Настасья подумала, что, наверное, не шибко весело иметь такого мужа, а у Ефимьиной замужней дочери уже третье дитя рождается мертвым. Внуков как не было, так и нету.
Про мужа Горшенина будто подслушала. Дернула плечом, нежное лицо вновь осветилось беззаботной улыбкой:
– Вот вы обе со своим вдовством носитесь, по покойникам скорбите, а я, честно сказать, не пойму, на что мужья вообще нужны? Много ль мы с вами от них хорошего видели? Твой Исак Андреич, – обратилась она к Марфе, – был мужик старый, траченный, какая от такого радость? А первый был вовсе лютый зверь. Когда его черт забрал, поди, рада была?
Каменная с интересом поглядела – что на это Борецкая? У той сухое лицо не дрогнуло, лишь на миг потускнел взгляд.
А ведь Настасья помнила ее девушкой, почти девочкой, лет сорок назад. Видывала в Соборе и несколько раз на гостьбищах.
Марфа Лошинская была черненькая, тоненькая, с огромными испуганными глазами. Шестнадцати лет ее выдали за боярина Филиппа Никитина, и после того она надолго исчезла. Сначала говорили, что муж ее из дому не выпускает, бьет, всяко терзает и что однажды ее якобы из петли вынули. Потом перестали говорить, забыли. У Никитина будто сами по себе появились двое сыновей и даже стали подрастать. А потом Филипп вдруг враз помер, и Марфа вышла на волю уже такой, как ныне: высушенной, неистовой, с горящим взглядом, и взяла семейное дело в железные руки. Бог знает, через что она там взаперти прошла и какой ценой обрела свою силу. Настоящая сила – это Настасья знала по себе – обретается только через большое горе и тяжкое испытание. А помер Филипп Никитин странно. В гробу лежал синий, распухший. Поговаривали нехорошее, но никто о нем не жалел, поганый был человек. Достанься Настасье такой муж, она не стала бы столько ждать, в первый же год отравила бы. Нет, не осуждала она Марфу, даже если сплетня была правдива. Те двое сыновей, никитинские, потом в северном море потонули, и многие в том увидели Божью кару: извела-де супруга, так и детей от него отдай. Но к тому времени Марфа уже снова была замужем, за посадником Исааком Борецким и родила себе еще двоих, Дмитрия и Федора. Вот ведь судьба (Настасья слегка даже пожалела врагиню): остаться с одним сыном из четырех, и тот – Дурень.

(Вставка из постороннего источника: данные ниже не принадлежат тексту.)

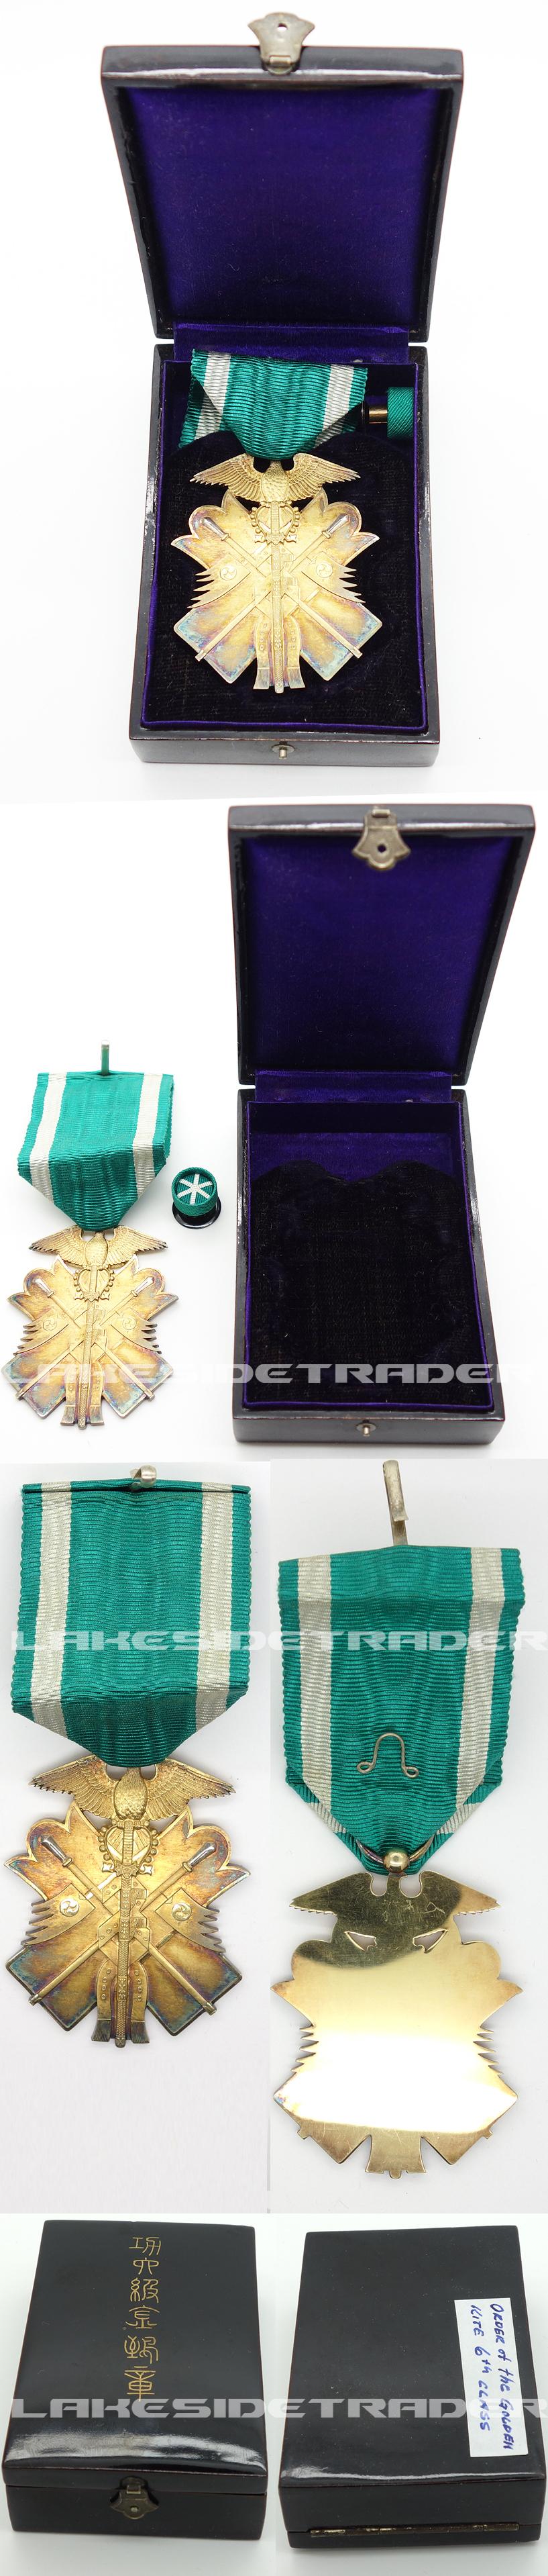 Cased Order of the Golden Kite 6th Class w Rosette

Ефимия обернулась к Григориевой:
– Твоего мужа Юрия, Настасьюшка, я не застала, девчонкой была, но…
– Только Юрия моего не трожь! – перебила Каменная.
В ярость она впадала очень редко, и когда такое происходило, все вокруг вжимали головы в плечи, но Ефимия не устрашилась и не сбилась.
– Да будет тебе. Сколько ты с ним прожила? И сколько тебе тогда годов было? Ты его толком и узнать-то не успела. Его в твоей жизни, считай, почти что и не было. Выдумала себе икону и молишься на нее тридцать пять лет. Ты хоть лицо его помнишь?
Григориева растерялась, чего с ней уж и вовсе никогда не случалось.
В самом деле, какое у Юрия было лицо? Даже зажмурилась, но увидела не мужа, а сына Юрашу – вислогубого, лупоглазого. Стиснула зубы, велела себе: вспоминай!
И вдруг увидела явственно, словно расступилась пучина и на миг выпустила покойника, оживила.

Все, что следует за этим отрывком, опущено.